◆ WHAT YOU HAVE TO DO
Begin at the line where "RUGER 17 HMR" appears and reproduce exactly every line through the end of the data below, both included, skipping pictures.

◆ STORED DATA

++++++

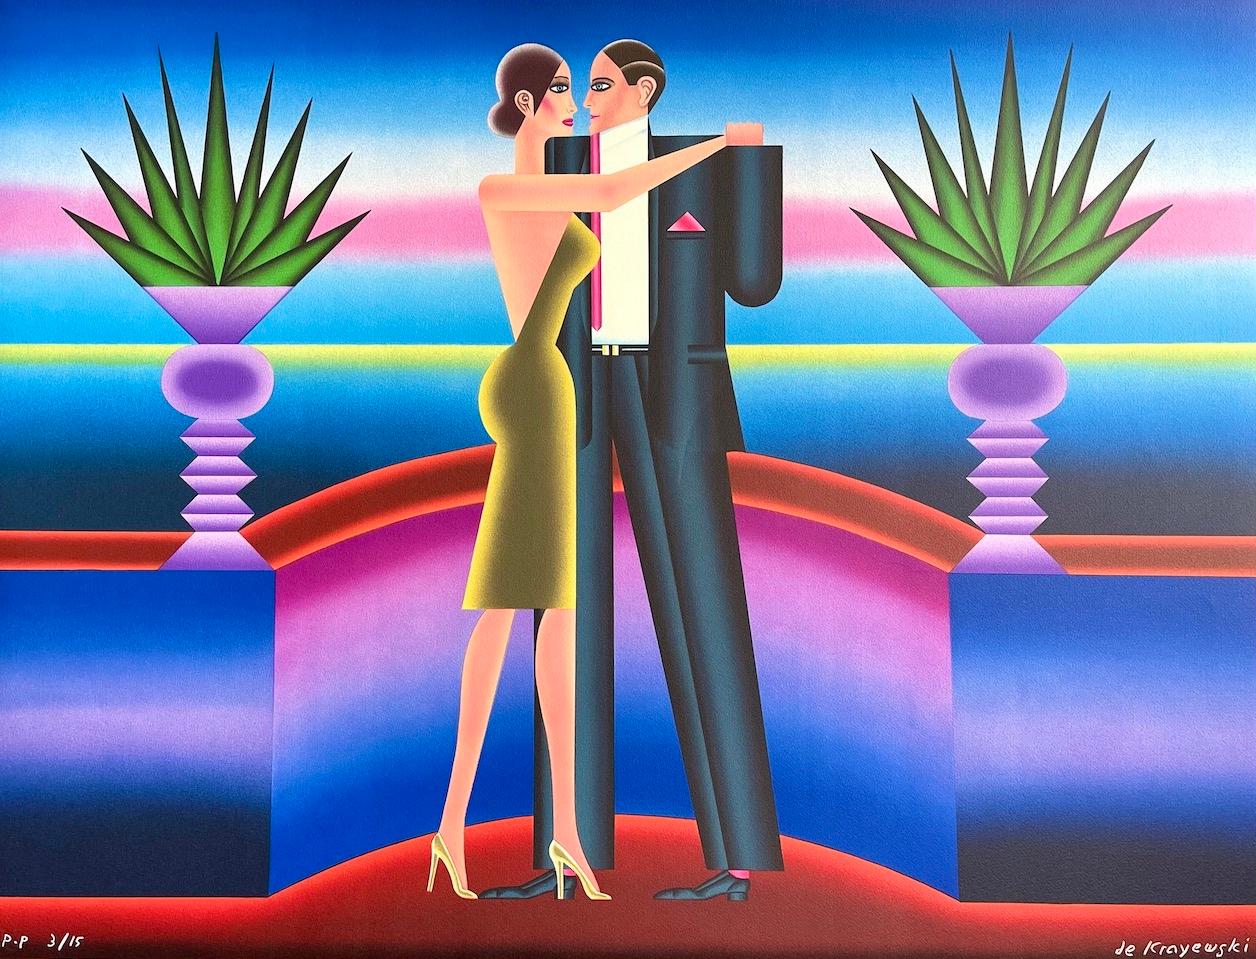 THE DANCE Signed Lithograph, Dancing Couple, Art Deco Interior, Polish Artist
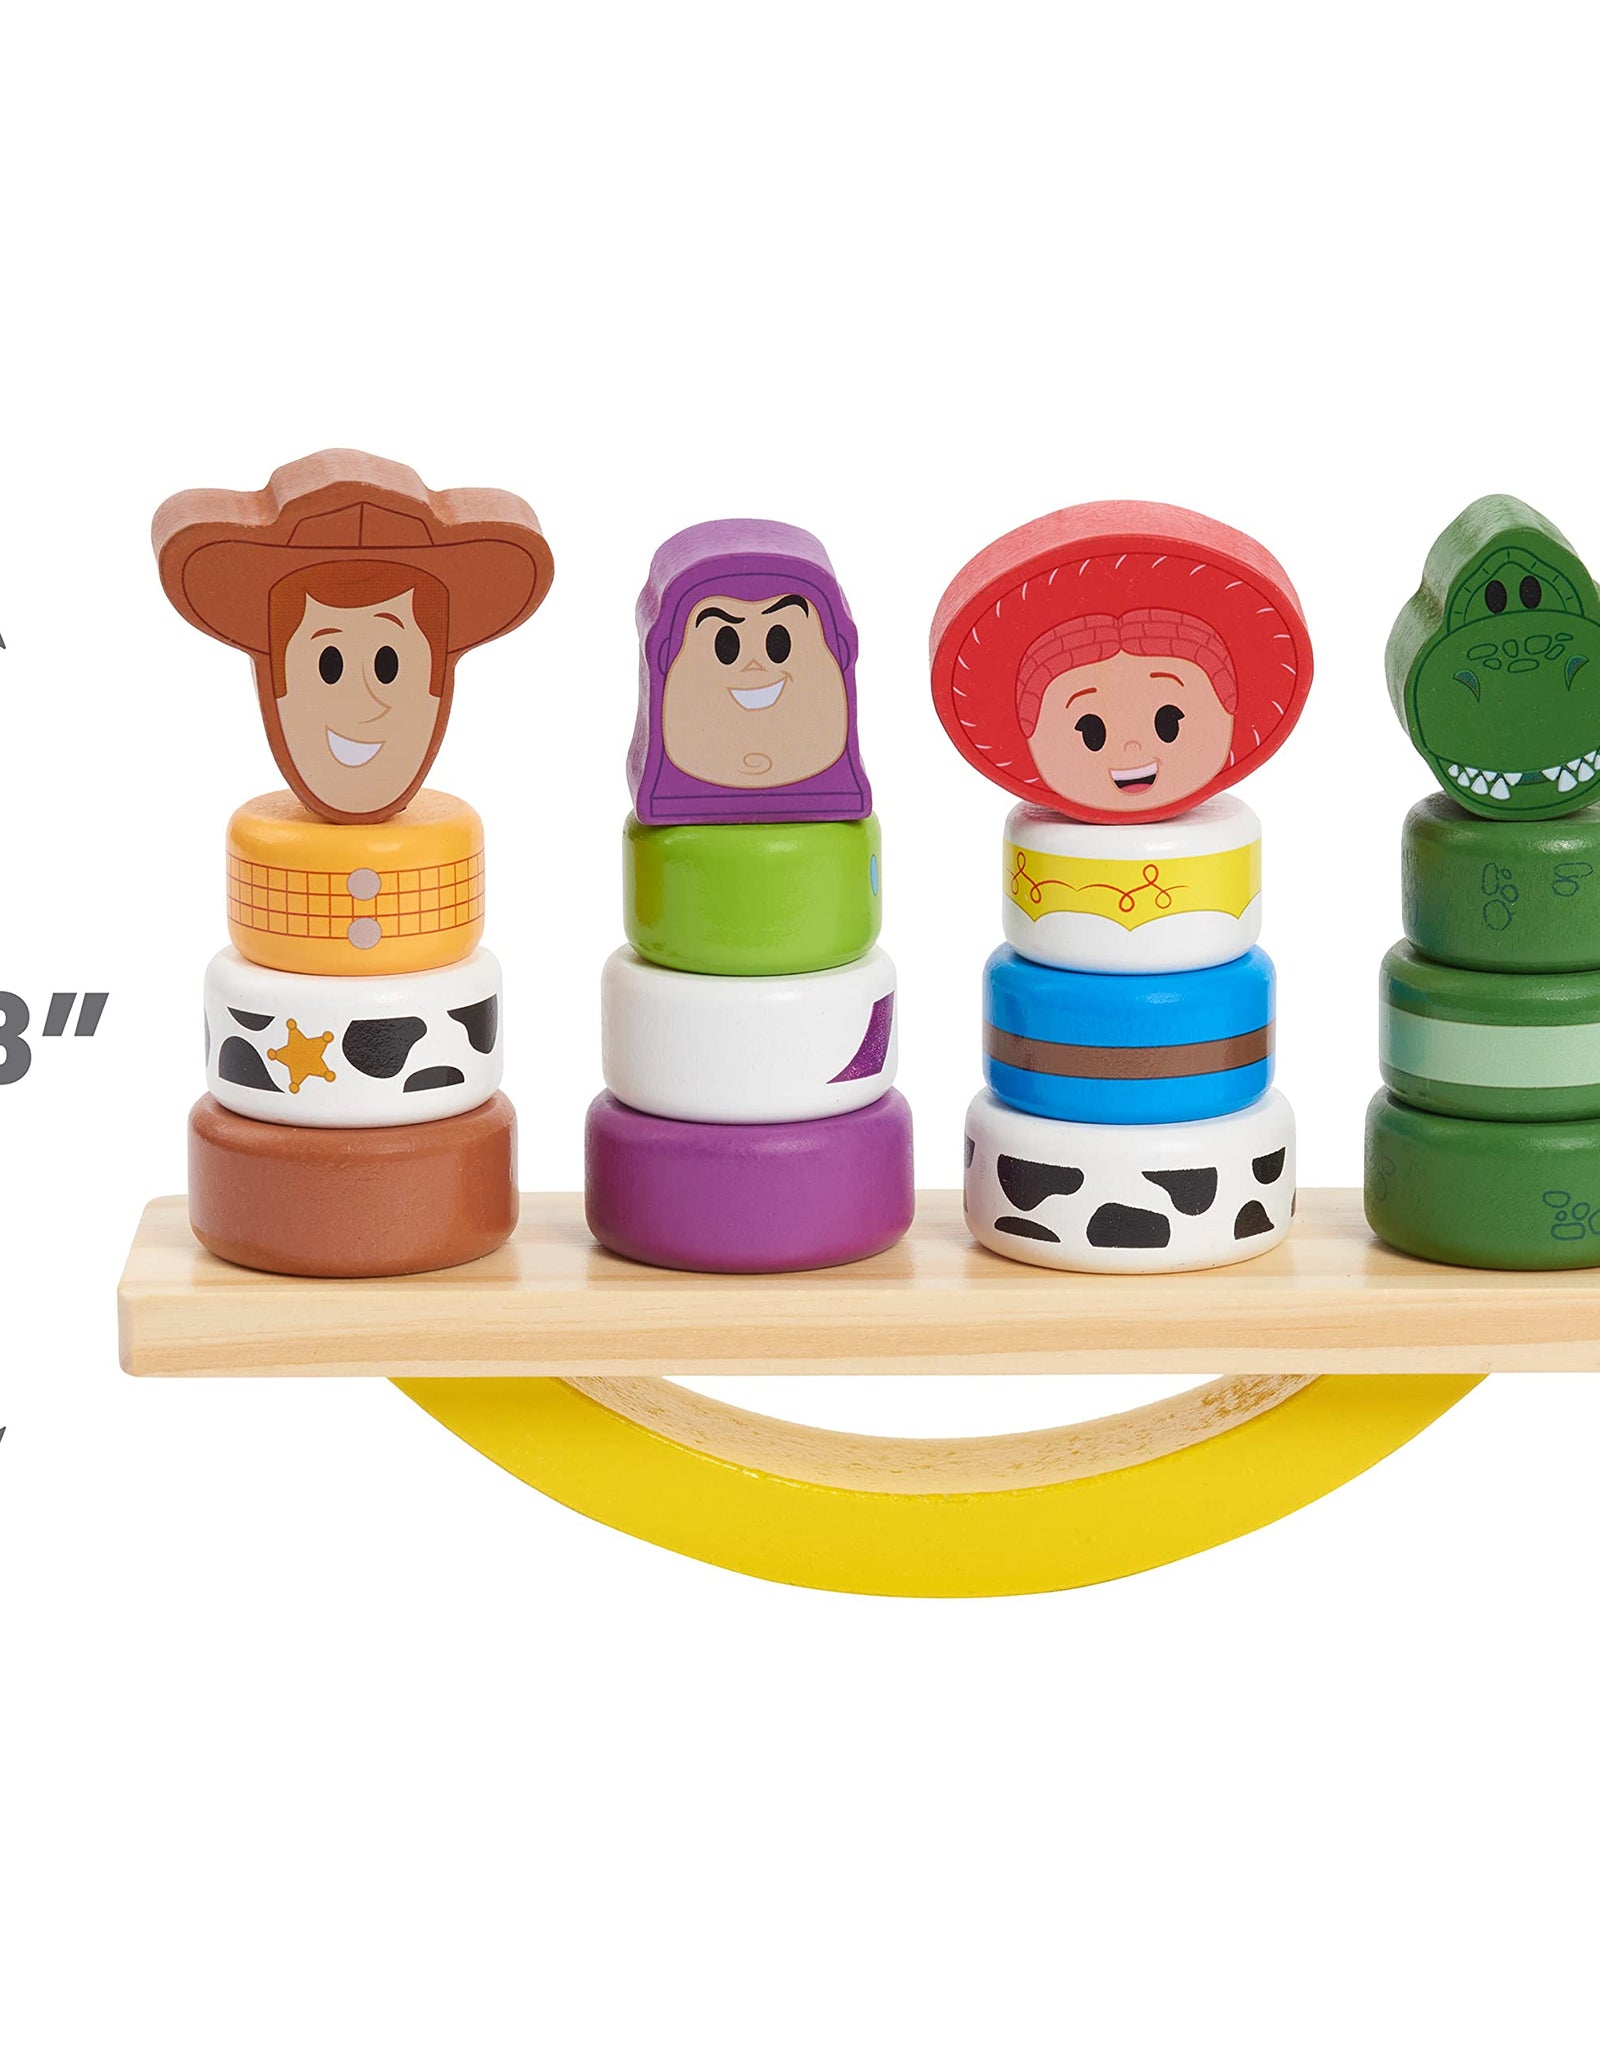 Disney Wooden Toys Toy Story Balance Blocks, 17-Piece Set Features Woody, Buzz Lightyear, Jessie, and Rex, Amazon Exclusive, by Just Play
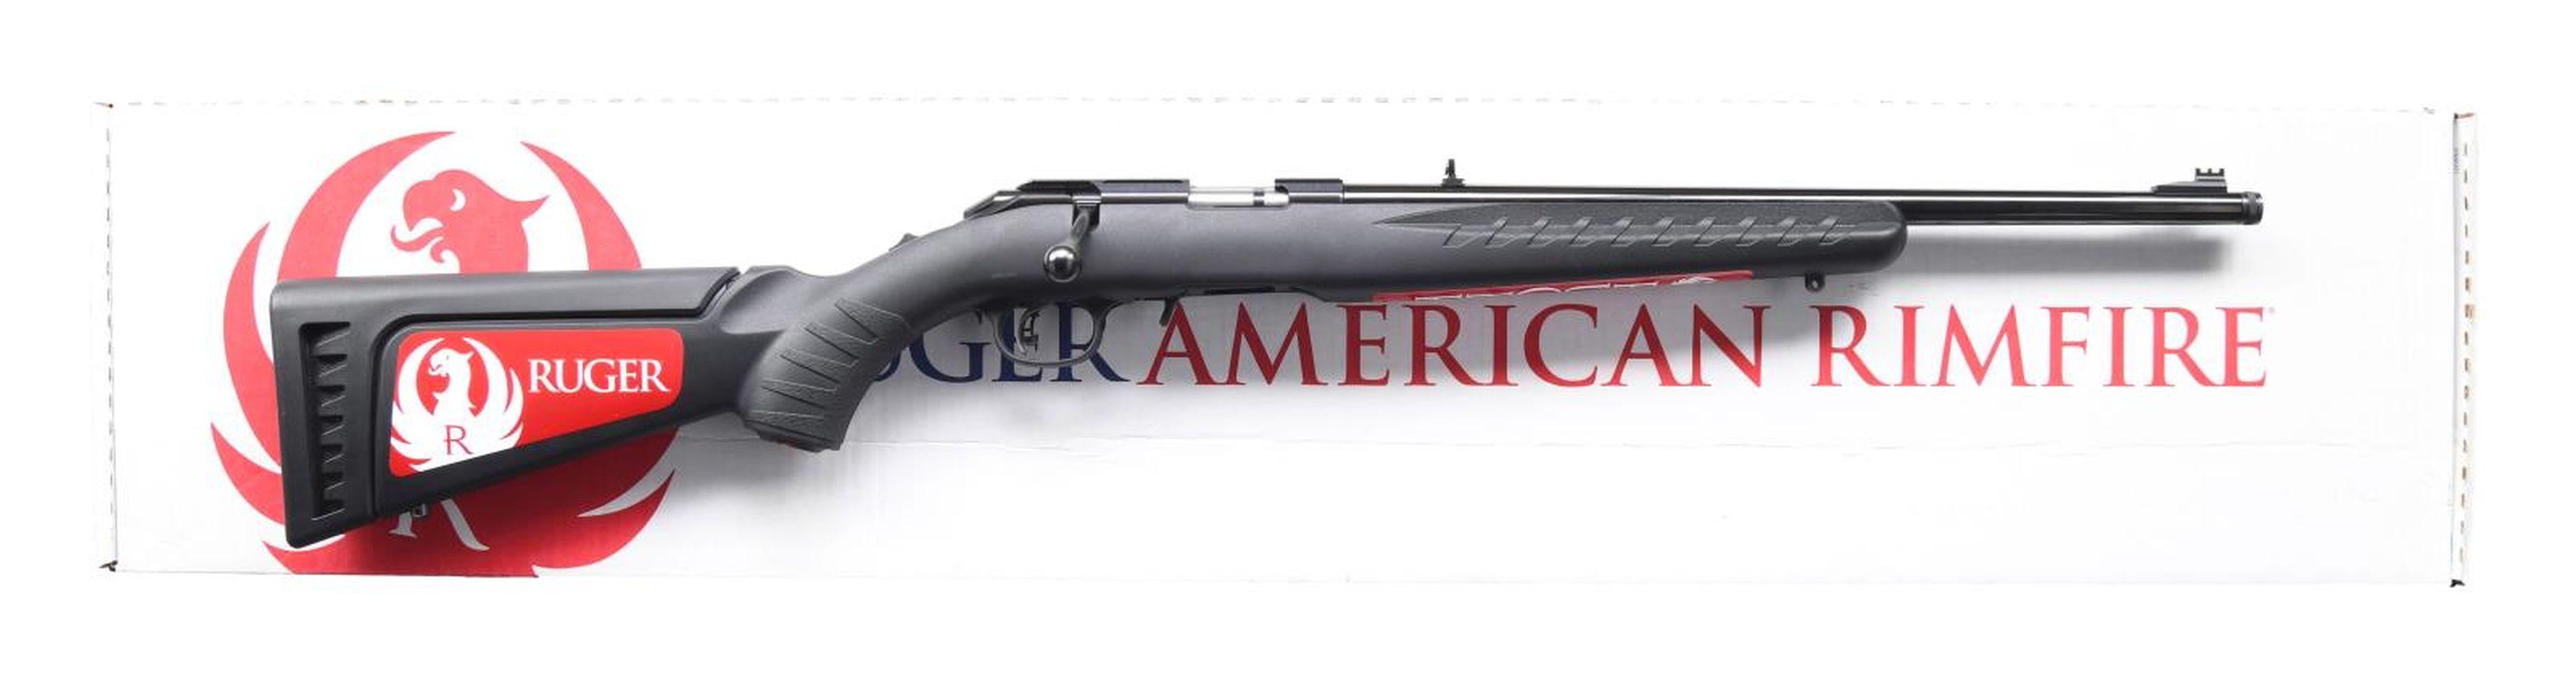 RUGER 17 HMR AMERICAN RIMFIRE BOLT ACTION RIFLE.
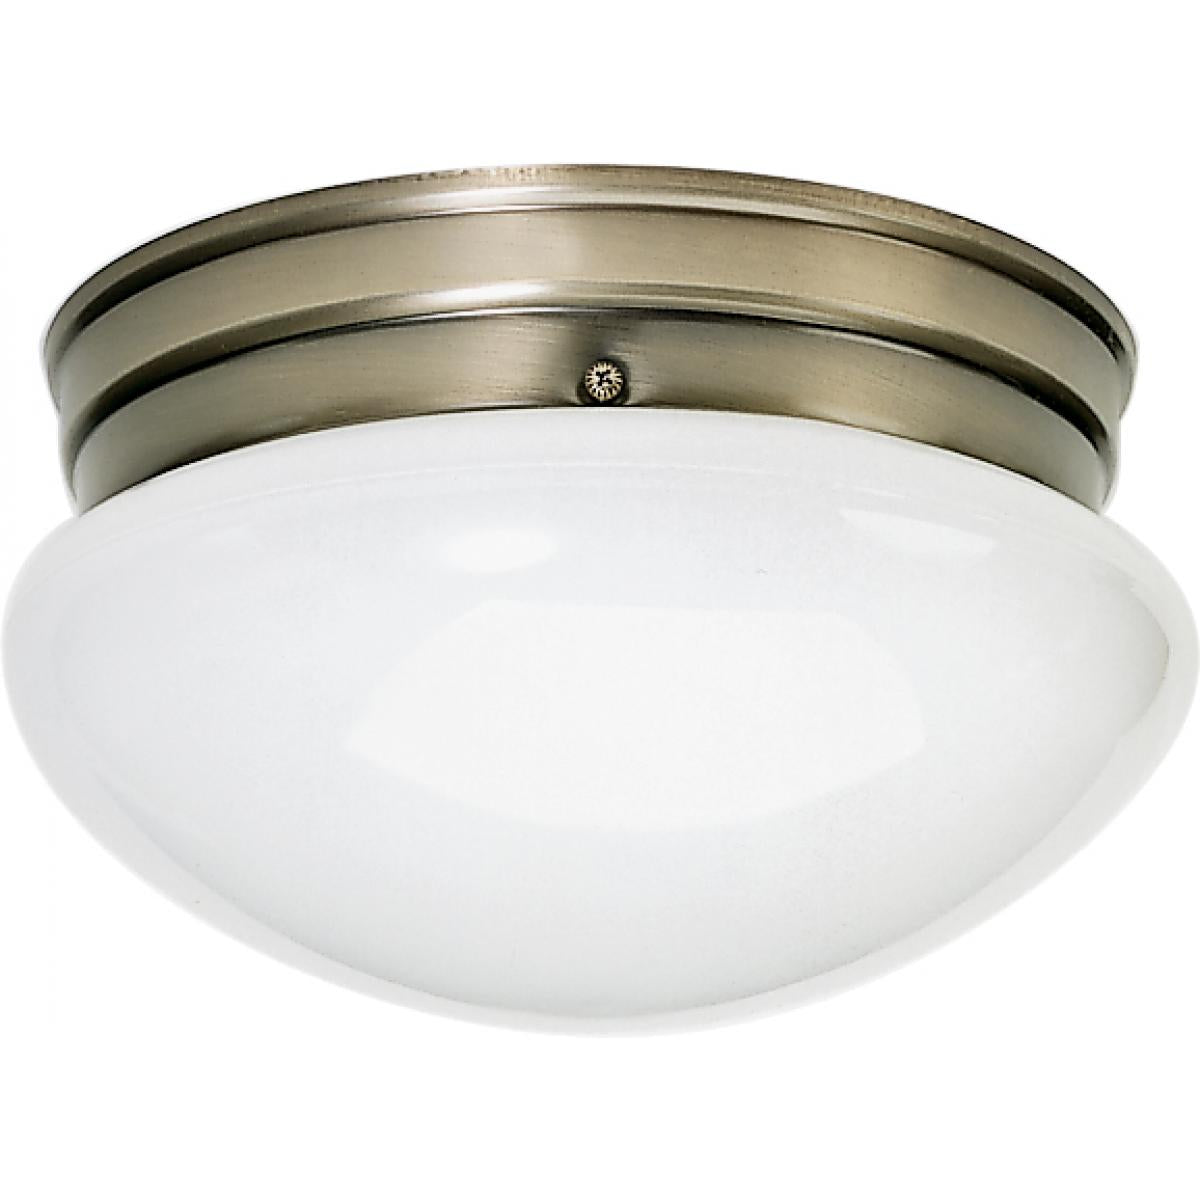 Satco 77-924 2 Light - 10" Flush with White Glass - Antique Brass Finish

++++++

◆ PROBLEM SOLUTION
 RUGER 17 HMR AMERICAN RIMFIRE BOLT ACTION RIFLE.
 Satco 77-924 2 Light - 10" Flush with White Glass - Antique Brass Finish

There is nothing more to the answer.